Awalnya agak sulit memahami tentang teknik iradiasi pangan. Bagaimana bisa sinar membuat makanan tetap awet? Tapi, saat Pak Joko menjelaskan kenapa makanan bisa membusuk, seperti yang aku paparkan di atas, aku langsung menebak:
Jadi..., sinar itu membunuh mikroba yang hidup dalam makanan. Karena makanannya sudah tidak ditinggali oleh mikroba lagi, makanya makanan tersebut bisa tahan bertahun-tahun tanpa bahan pengawet sekali pun?
Lalu, Pak Joko mengangguk mengiyakan dan tersenyum lega setelah sebelumnya hampir frustasi karena kesulitan menjelaskan teknik iradiasi dalam bahasa fisika yang digunakannya.

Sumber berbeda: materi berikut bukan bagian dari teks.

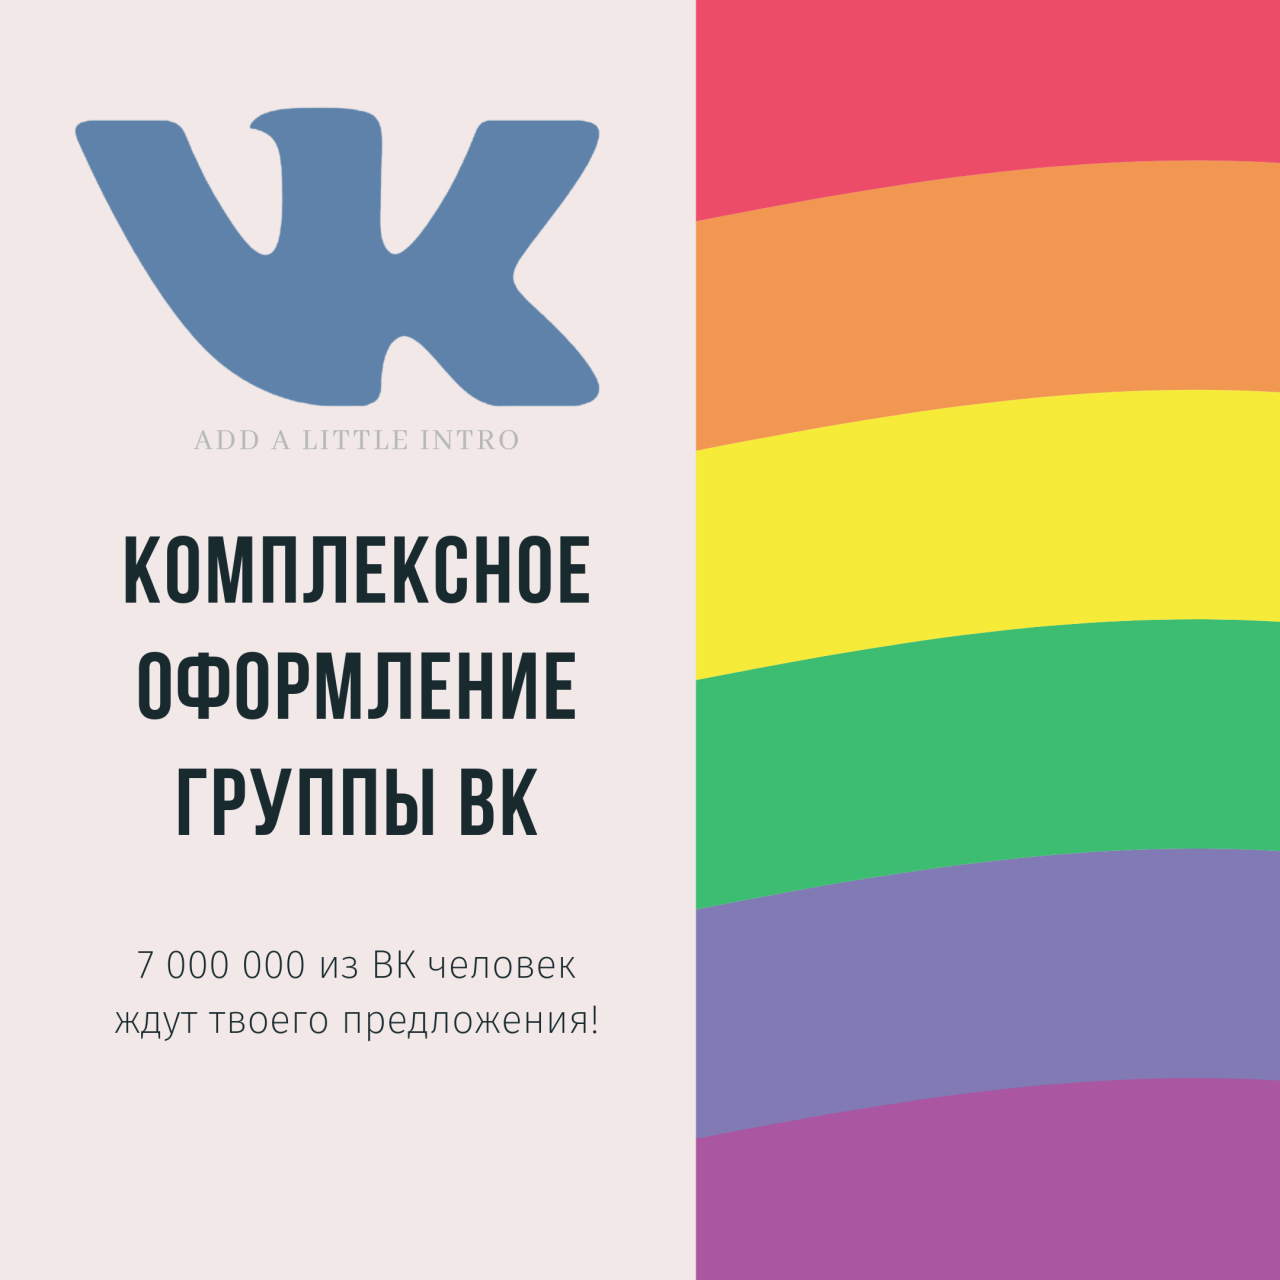 Оформление группы ВКонтакте из категории Дизайн для CMS OpenCart (ОпенКарт)

PROSES IRADIASI PANGAN DI GEDUNG IRADIATOR BATAN

Gedung Iradiator ini adalah gedung untuk melayani konsumen (biasanya perusahaan-perusahaan besar) yang berniat mengawetkan produknya dengan teknik iradiasi. Layanan ini terbuka untuk umum dan sudah digunakan oleh beberapa perusahaan herbal, kosmetik, dan makanan yang ada di Indonesia.
Tahapan dalam melakukan iradiasi terhadap suatu produk dimulai dengan:
1. Menerima produk yang akan diiradiasi
Perusahaan (tentunya yang sudah mendaftar dan mengurus berkas-berkas administrasi) akan membawa produknya ke gedung ini. biasanya dikemas dalam plastik kedap udara dan disimpan dalam dus-dus dengan ukuran seragam, seperti ini:
Dus kemasan (sumber: dok. pribadi).


2. Memasukkan dus berisi produk ke dalam tote
Dus-dus tersebut akan dimasukkan ke dalam wadah berbentuk tabung yang dinamakan tote:
Tote dan rel, tempat penyimpanan makanan yang akan diradiasi (sumber: dok. pribadi).

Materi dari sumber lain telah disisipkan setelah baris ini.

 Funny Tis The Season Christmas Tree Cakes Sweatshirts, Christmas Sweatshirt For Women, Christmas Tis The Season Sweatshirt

Mereka memiliki 74 tote dan satu tote mampu menampung 120 Kg. Tote-tote ini akan dipindahkan ke dalam ruang iradiator oleh rel yang merupakan bagian dari rangkaian mesin iradiator milik BATAN. Omong-omong, mesin ini dibeli di Hungaria, loh. Tapi proses perakitannya tetap di Indonesia, tentu saja.
3. Memasukkan tote ke dalam ruang iradiator
Tampak depan ruang iradiasi (sumber: dok. pribadi).

Di balik mesin ini, ada pintu kecil tempat tote-tote tersebut masuk dan berpindah satu per satu. Sayangnya, aku lupa mengambil gambar pintunya. Intinya, tote yang sudah berisi produk akan dipindahkan melalui rel dan masuk ke dalam ruang iradiator. Di sana, tote-tote itu akan disinari sampai proses iradiasi selesai.
Ruang operator (sumber: dok. pribadi).

Nah, mesin iradiator tersebut akan dioperasikan melalui ruangan  di sampingnya. Dari luar, ruang tersebut tampak seperti gambar di atas.

4. Menandai produk yang sudah selesai diiradiasi
Dus yang sudah diberi stiker, tanda selesai diiradiasi (sumber: dok. pribadi).

Setelah itu, dus-dus dalam tote akan segera dikeluarkan kembali dan diberi stiker bulat kecil berwarna merah untuk menandakan bahwa dus tersebut telah selesai diiradiasi. Selanjutnya, tinggal menunggu truk dari perusahaan pemilik produk menjemput mereka kembali untuk dibawa ke pabrik masing-masing dan dikemas di sana.
Karena sudah bebas mikroba, maka pihak perusahaan pun benar-benar memperhatikan sterilitas dalam proses pengemasannya. Kalau tidak, proses iradiasi yang memakan waktu berjam-jam tersebut akan percuma, karena lingkungan yang tidak steril tentu saja dapat membuat mikroba tumbuh kembali.